Again, there is no constant "a". The anti-derivative of the velocity function, $$\frac{t^2}{2}+ C$$, is $$\frac{t^3}{6}+ Ct+ D$$ where D is another constant (here, the initial position).

which doesn't look like any of the kinematic equations.

The "kinematic equations" you are referring to assume constant acceleration which isn't the case here.

Still puzzled by this one as S= S(i) + V(i)+ 1/2at^2 which the derivative will give you a(t).

No, it won't. The second derivative will give you the constant a. There is no such a in this problem, the acceleration is not constant.

Then solve with S = 100m

That is assuming you took the initial position to be at S= 0.

Any advice appreciated

Thanks

My advice would be to start learning, and understanding, the material rather than memorizing formulas! You will always, as here, run into situations where the basic assumptions (that the acceleration is a constant) for those formulas do not hold.

 

[tomc612]

Hi,
yeah really struggling with this one.

So as its listed as a differential application, I've assumed there would be a First or Second Order differential to apply.

if a(t) = t just doesn't seem to be a lot to go on.

I can only think of integrating a(t) and then solving for t with the second integration as that would represent distance.

Any more help appreciated

Thanks

No, it isn't. You were told that a(t)= t, not a(t)= at. The anti-derivative of t is $$v(t)= \frac{t^2}{2}+ C$$ for some constant C. Since v(0)= C, that constant is the speed at t= 0. And since, in this problem, the car is initially stopped, C= v(0)= 0. Again, there is no constant "a". The anti-derivative of the velocity function, $$\frac{t^2}{2}+ C$$, is $$\frac{t^3}{6}+ Ct+ D$$ where D is another constant (here, the initial position). The "kinematic equations" you are referring to assume constant acceleration which isn't the case here. No, it won't. The second derivative will give you the constant a. There is no such a in this problem, the acceleration is not constant. That is assuming you took the initial position to be at S= 0. My advice would be to start learning, and understanding, the material rather than memorizing formulas!

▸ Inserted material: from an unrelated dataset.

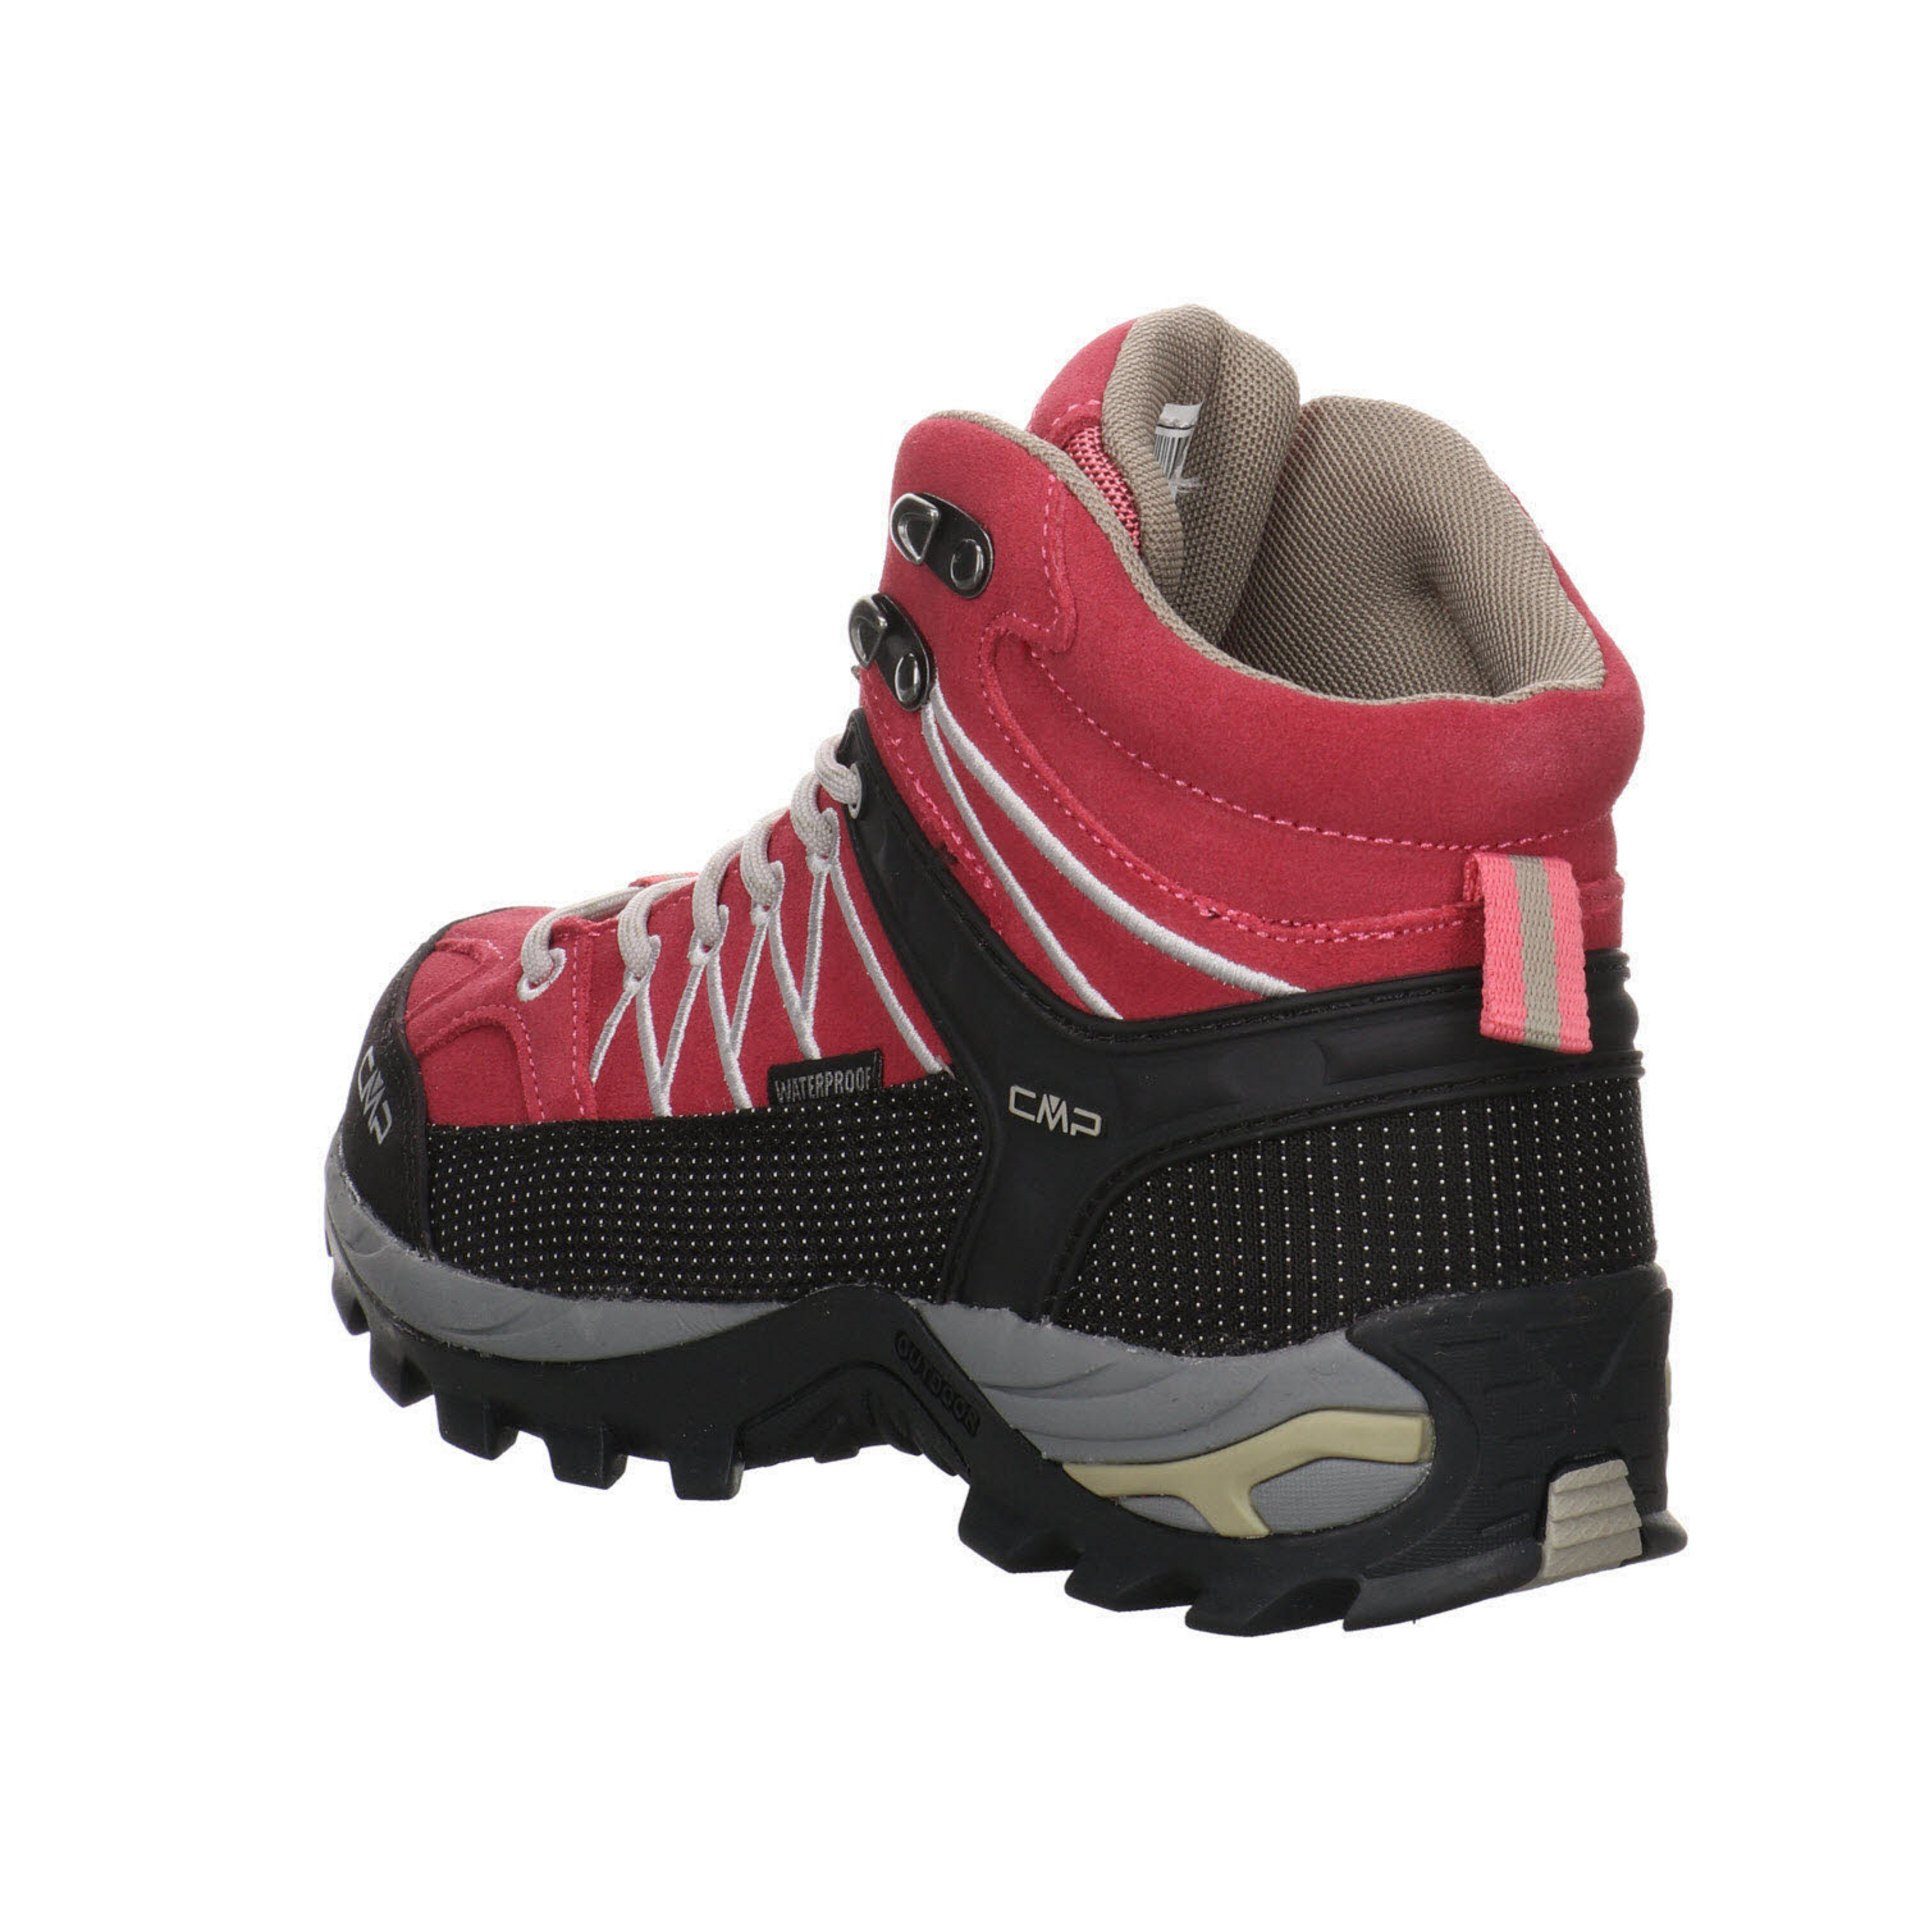 CMP Damen Schuhe Outdoor Rigel Outdoorschuh Leder-/Textilkombination ROSE-SAND Mid Outdoorschuh
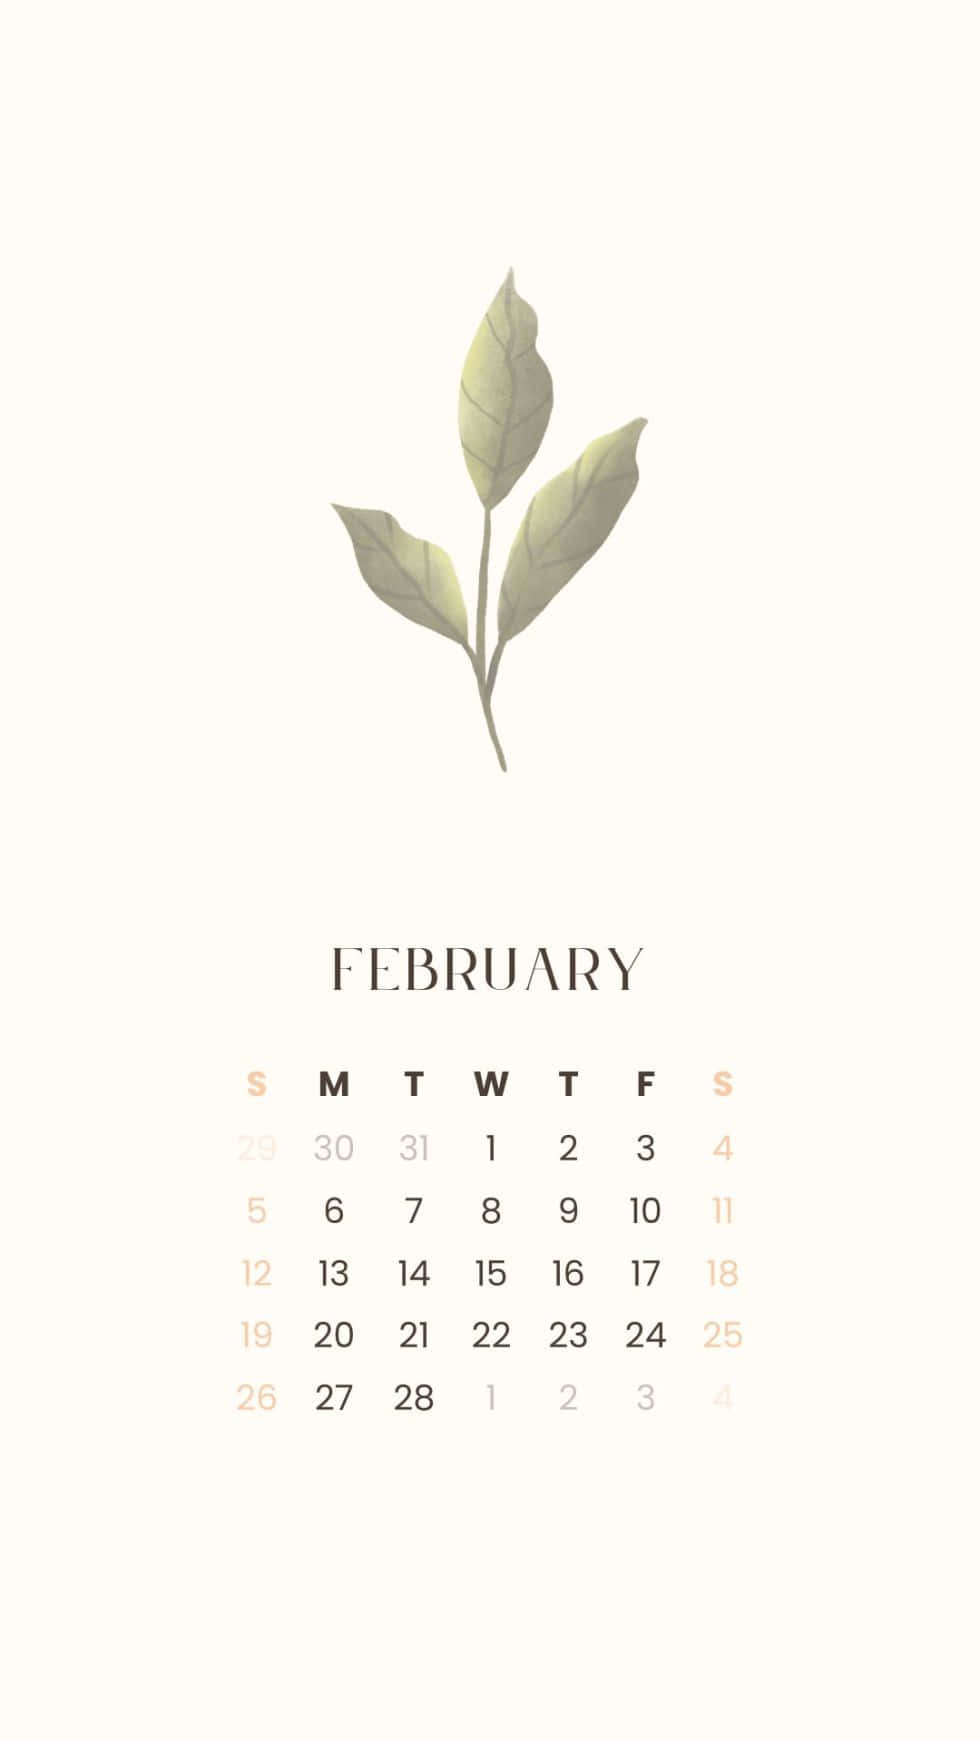 Februari2019 Kalender Med Ett Löv På Den.

You will always, as here, run into situations where the basic assumptions (that the acceleration is a constant) for those formulas do not hold.

 

[MarkFL]

We are given:

\(\displaystyle a(t)=t,\,v_0=0,\,x_0=0\)

Now, since:

\(\displaystyle a(t)\equiv\d{v}{t}\)

We may write:

\(\displaystyle \d{v}{t}=t\)

So, we may now integrate, using the boundaries and switching dummy variables of integration:

\(\displaystyle \int_{0}^{v(t)}\,da=\int_0^t b\,db\)

Apply the FTOC:

\(\displaystyle v(t)=\frac{1}{2}t^2\)

Okay, now since:

\(\displaystyle v(t)\equiv\d{x}{t}\)

We may write:

\(\displaystyle \d{x}{t}=\frac{1}{2}t^2\)

So, we may now integrate, using the boundaries and switching dummy variables of integration:

\(\displaystyle \int_{0}^{x(t)}\,da=\frac{1}{2}\int_0^t b^2\,db\)

Apply the FTOC:

\(\displaystyle x(t)=\frac{1}{6}t^3\)

To find the time (in seconds) it takes the car to travel 100 m, we may set $x(t)=100$ and solve for $t$:

\(\displaystyle 100=\frac{1}{6}t^3\)

\(\displaystyle t=\sqrt[3]{600}=2\sqrt[3]{75}\approx8.43432665301749\)